Lorenz Hideyoshi, réalisateur amateur, dénonce des similitudes troublantes entre son court-métrage Dark Jedi: A Star Wars Story (2019) et l’épisode The Bandits of Golak de Star Wars: Visions S3 (2025), produit par le studio indien 88 Pictures. Avec 1,2 million de vues sur YouTube, son œuvre, créée en hommage à la saga, se retrouve au cœur d’une polémique sur les limites entre inspiration et plagiat. Disney, contacté par IGN, n’a toujours pas réagi, laissant planer le doute : négligence créative ou exploitation délibérée des créations fan-made ?
A retenir :
- Dark Jedi vs The Bandits of Golak : des chorégraphies de sabres et des cadrages quasi identiques, selon une comparaison visuelle virale.

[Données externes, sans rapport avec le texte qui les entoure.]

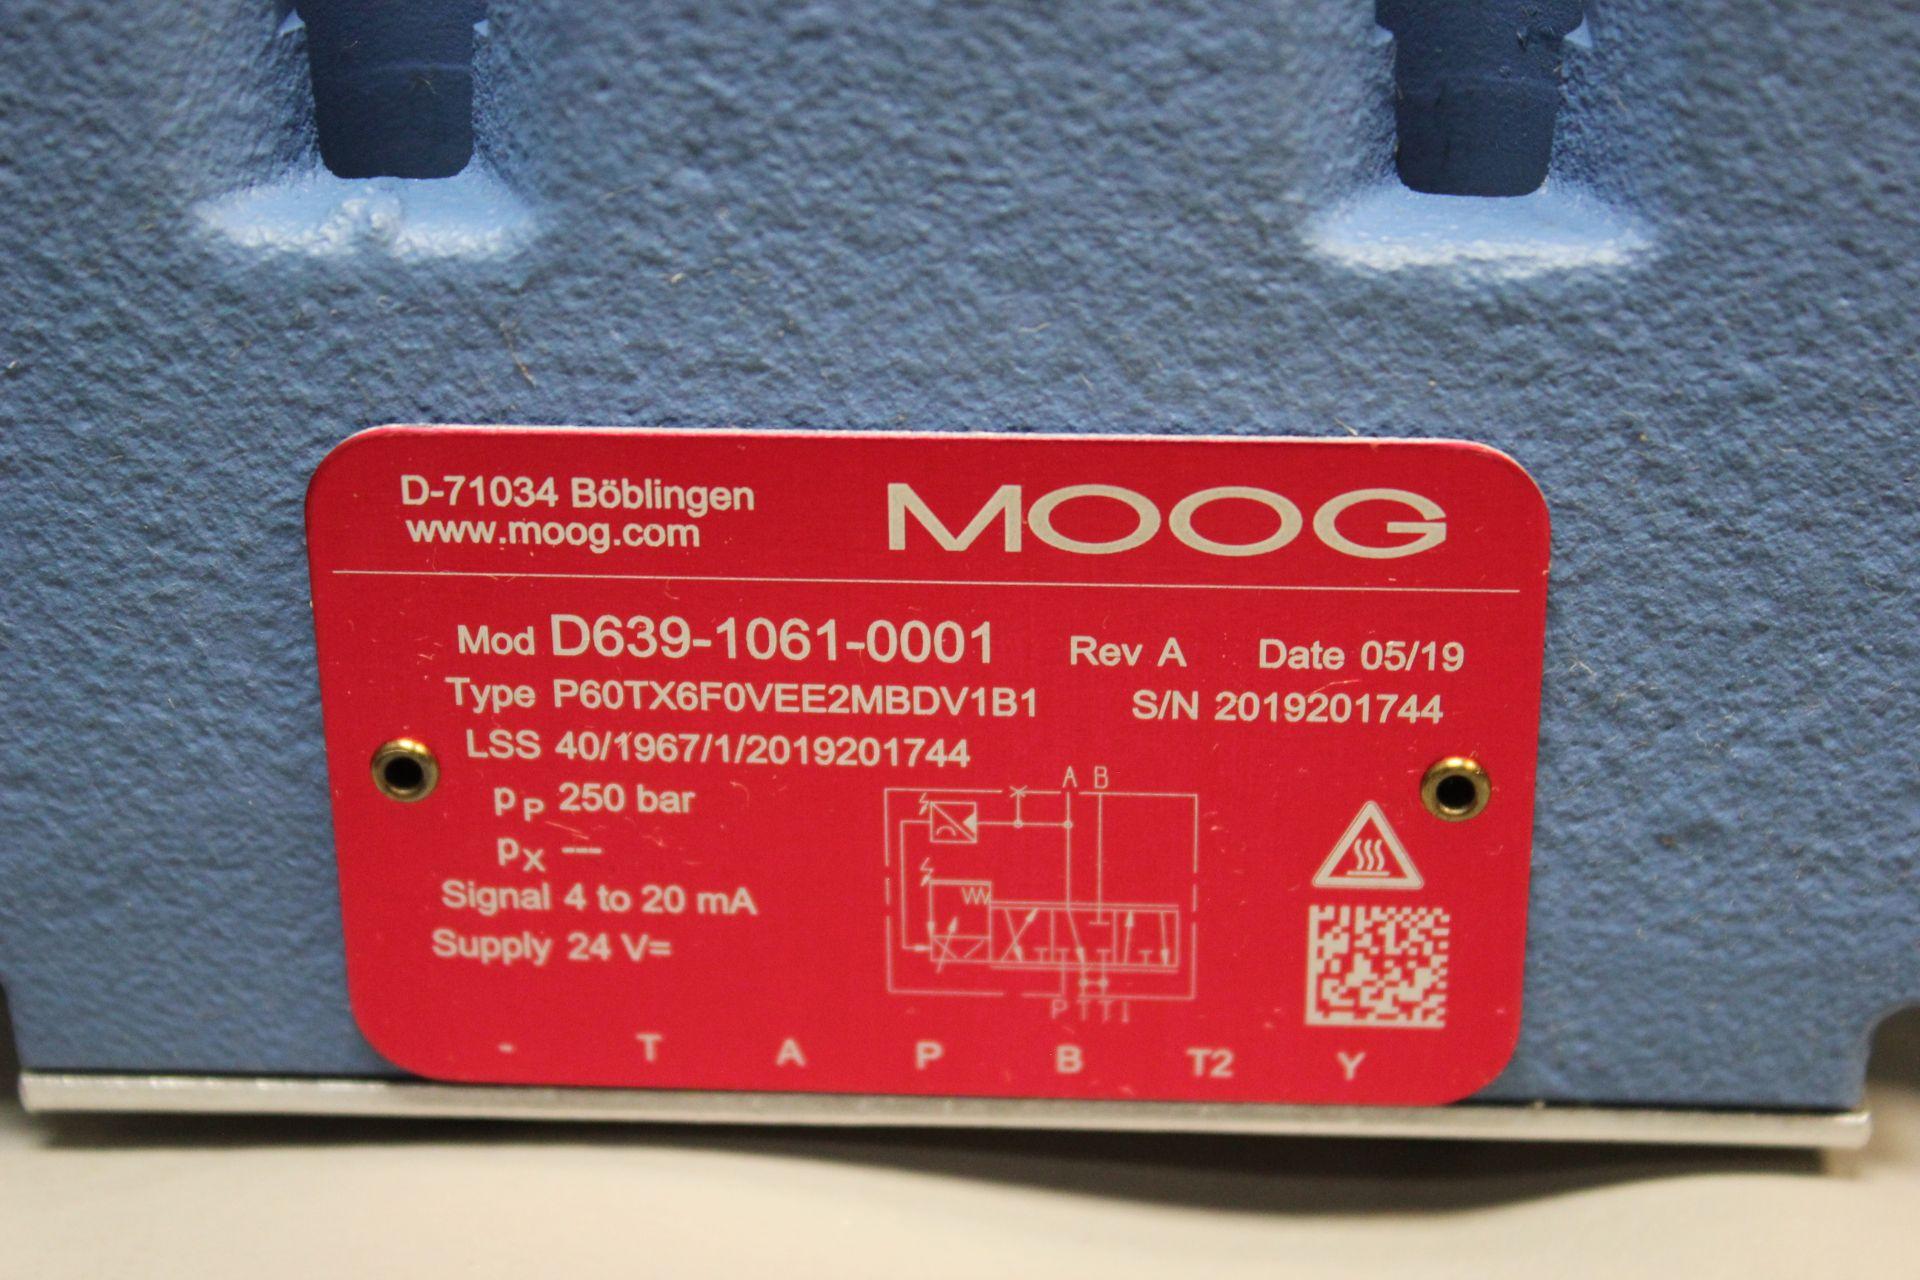 NEW MOOG DIRECT DRIVE DIGITAL CONTROL HYDRAULIC SERVO VALVE - Image 5 of 15

- 1,2 million de vues pour le court-métrage de Hideyoshi (2019) – une œuvre non lucrative, aujourd’hui au centre d’un débat sur le droit d’auteur.
- 88 Pictures, studio sous-traitant pour Disney, dans la tourmente : erreur isolée ou pratique courante dans Star Wars: Visions ?
- Silence radio chez Disney et LucasFilm, alors que des précédents (comme The Mandalorian) avaient déjà soulevé des questions similaires.
- Une affaire qui pourrait faire jurisprudence pour les créateurs indépendants, souvent inspirants… mais rarement crédités.
Un duel de sabres… et de droits d’auteur
Tout commence en 2019, quand Lorenz Hideyoshi, passionné de Star Wars depuis l’enfance, publie sur YouTube Dark Jedi: A Star Wars Story, un court-métrage fan-made de 10 minutes. Sans budget, mais avec une ambition claire : rendre hommage à l’univers des Jedi et des Sith à travers une chorégraphie de combat au sabre laser ultra-dynamique. Le résultat ? Un succès inattendu : 1,2 million de vues, des éloges pour la fluidité des mouvements, et une reconnaissance dans la communauté des fans.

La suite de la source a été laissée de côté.